5.      Faktor yang memungkinkan perubahan pengetahuan
Banyak situasi yang memaksa atau membantu seseorang untuk meng­adakan perubahan dalam pengetahuannya. Perubahan ini mengembangkan pengetahuan seseorang. Bettencourt menyebutkan beberapa situasi atau konteks yang membantu perubahan, yaitu: a) konteks tindakan, b) konteks membuat masuk akal, c) konteks penjelasan, dan d) konteks pembenaran (justifikasi).
Bila seseorang harus cepat bertindak atau memecahkan sesuatu secara terencana, ia akan terdorong untuk menganalisis situasi dan persoalan yang dihadapi. Dalam situasi seperti itu ia dapat bertindak secara efisien dan mem­bentuk pengetahuan atau konsep yang baru. Juga bila seseorang berhadapan dengan suatu persoalan atau kejadian baru yang tidak disangka-sangka, ia ditantang untuk mencari arti dan makna hal itu dengan menggunakan gagasan, ide-ide, maupun konsep-konsep yang telah ia punyai. Bila konsepnya tidak cocok, lalu ia terpaksa harus mengubah konsepnya. Dengan demikian ia mengembangkan pengetahuan yang baru.

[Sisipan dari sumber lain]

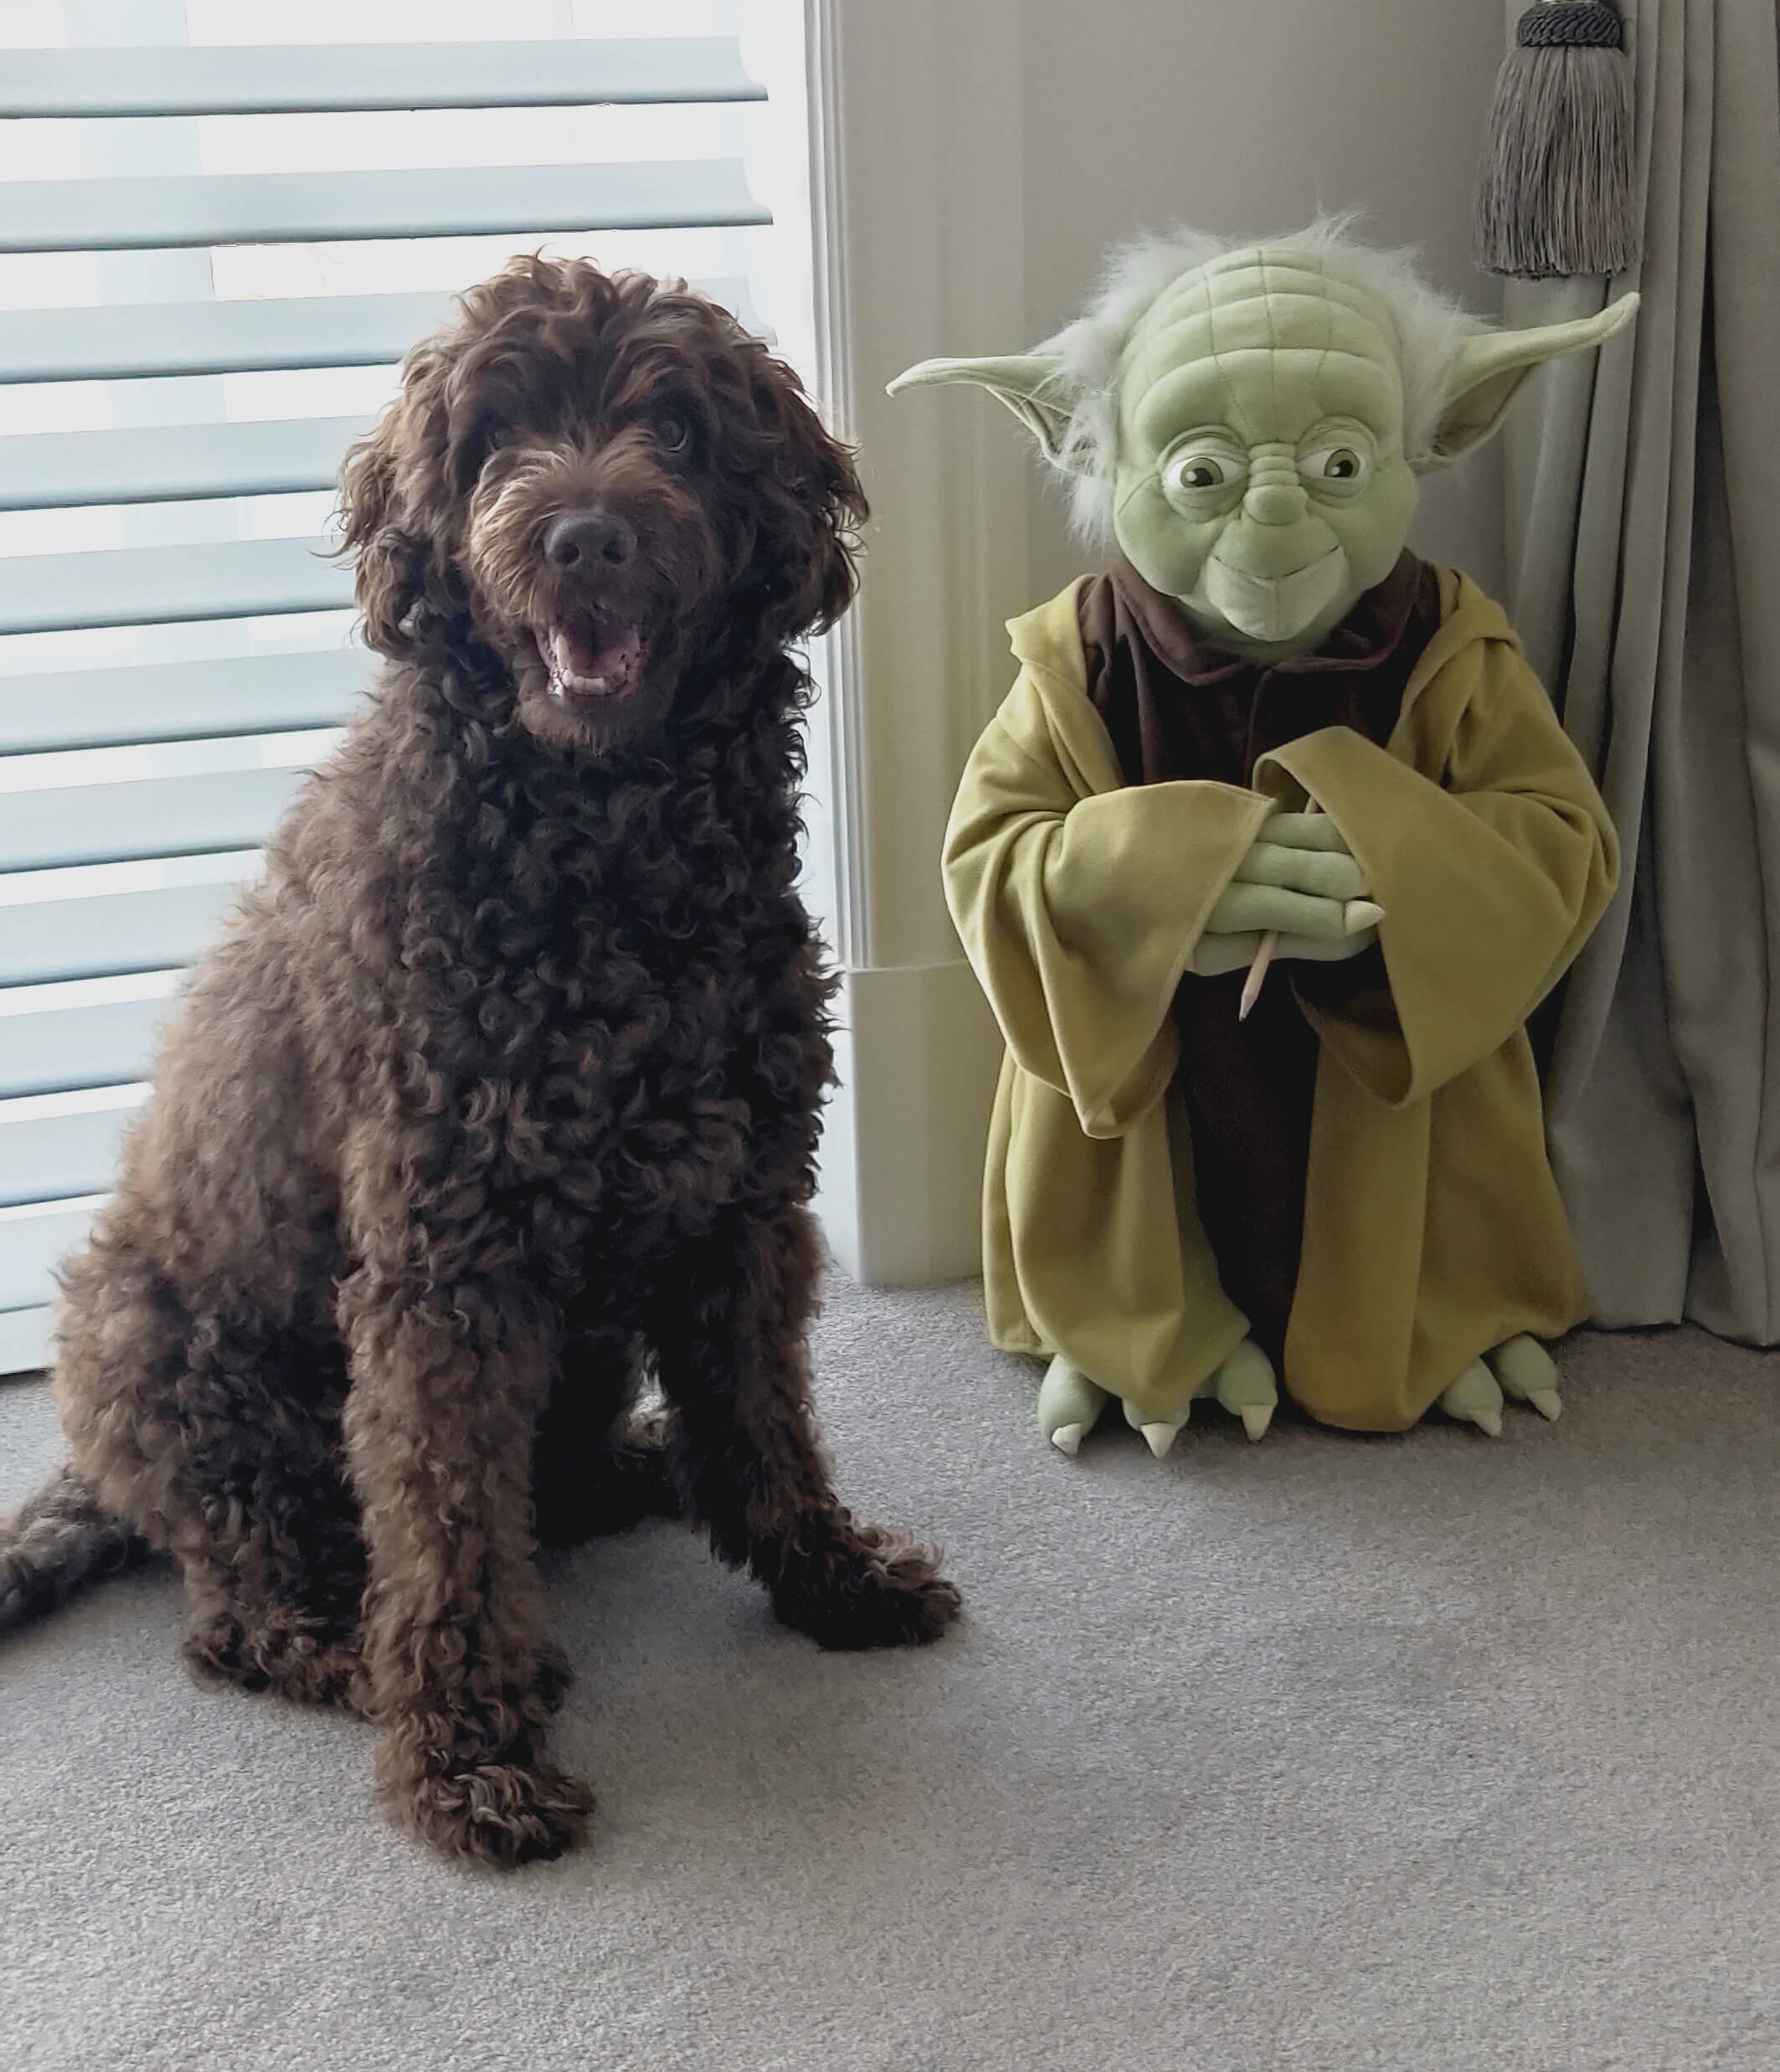 Hugo the dog with Yoda
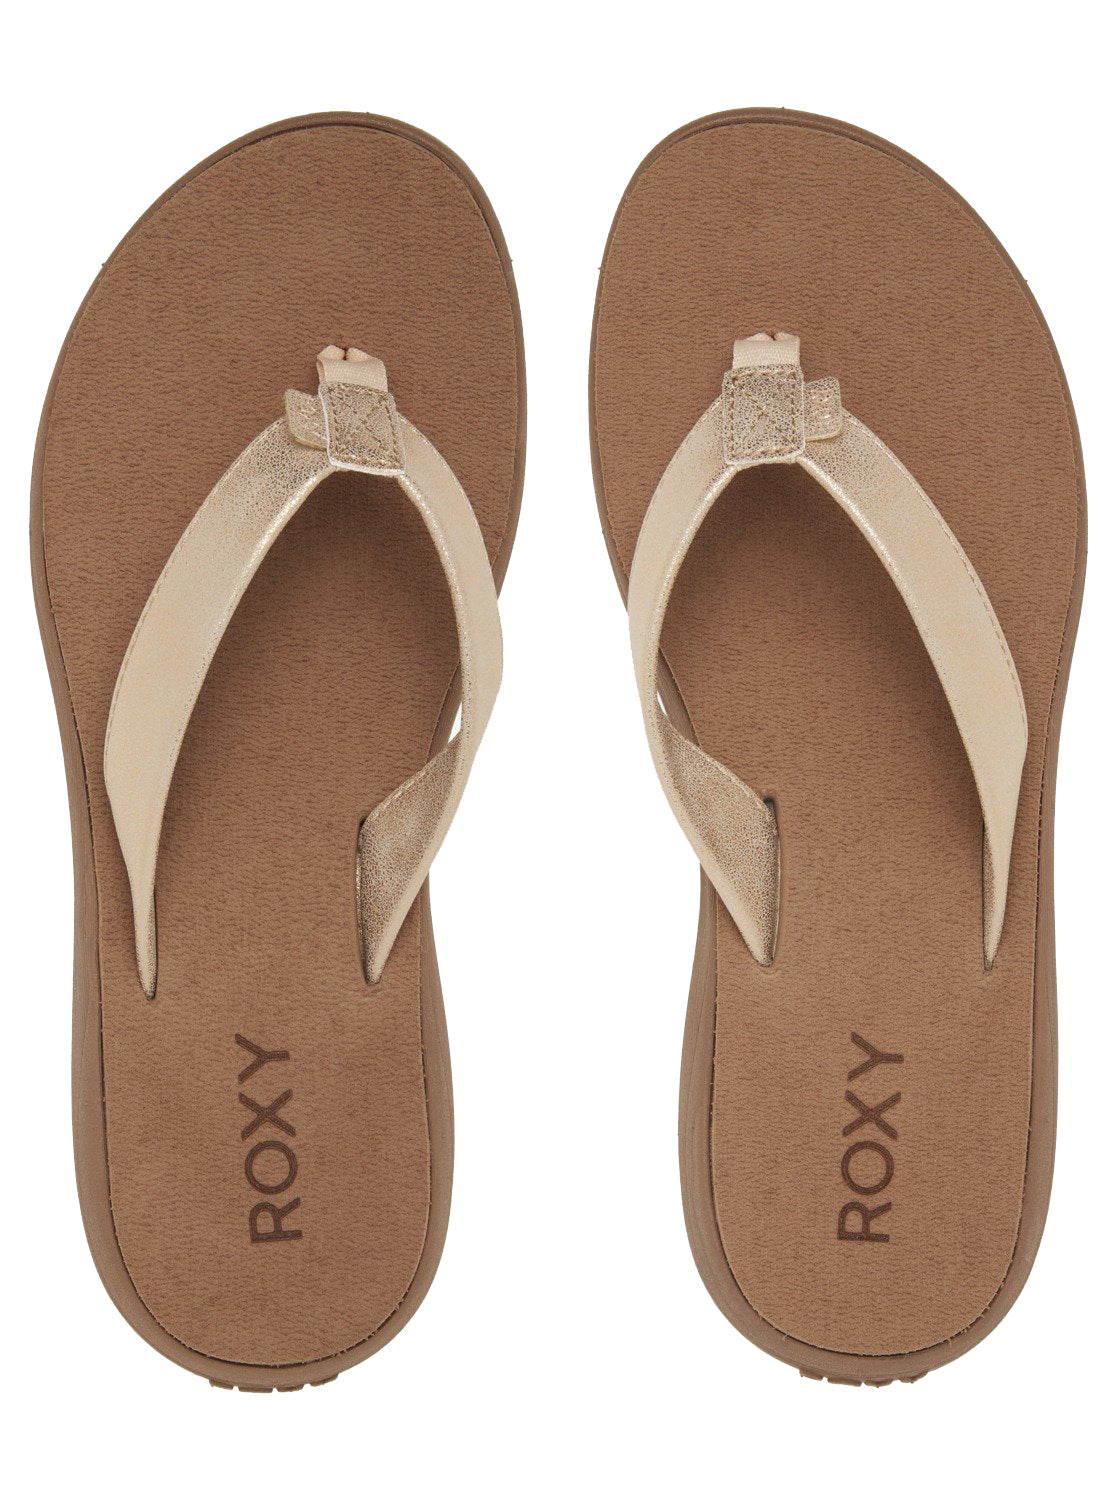 Roxy Lizzie Womens Sandal BRO-Bronze 11

Pertanyaan “Apa yang kamu maksudkan dengan ini, bagaimana kamu dapat menjelaskan hal ini?” memacu orang untuk mengkonstruksi sesuatu dan mengerti sesuatu. Juga bila seseorang harus mempertahankan dan mem­benarkan gagasannya terhadap kritikan orang lain, ia didorong untuk men­ciptakan konstruksi yang baru. Secara ringkas dapat dikatakan bahwa situasi atau konteks yang memaksa seseorang untuk menyadari “sesuatu”, dapat membantu orang itu mengubah atau paling sedikit memperkembangkan pengetahuannya. Dalam bidang pengajaran sains dan matematika, kadang perlu ditunjukkan persoalan atau gejala yang berlawanan dengan yang telah dipikirkan siswa. Gejala tersebut, yang dinamakan gejala anomali, dapat memacu siswa mengubah dan memperkembangkan pengetahuan mereka. Misalnya, bila kebanyakan siswa beranggapan bahwa benda padat selalu akan tenggelam dalam zat cair, tunjukkan kepada mereka gabus yang tidak tenggelam dalam air.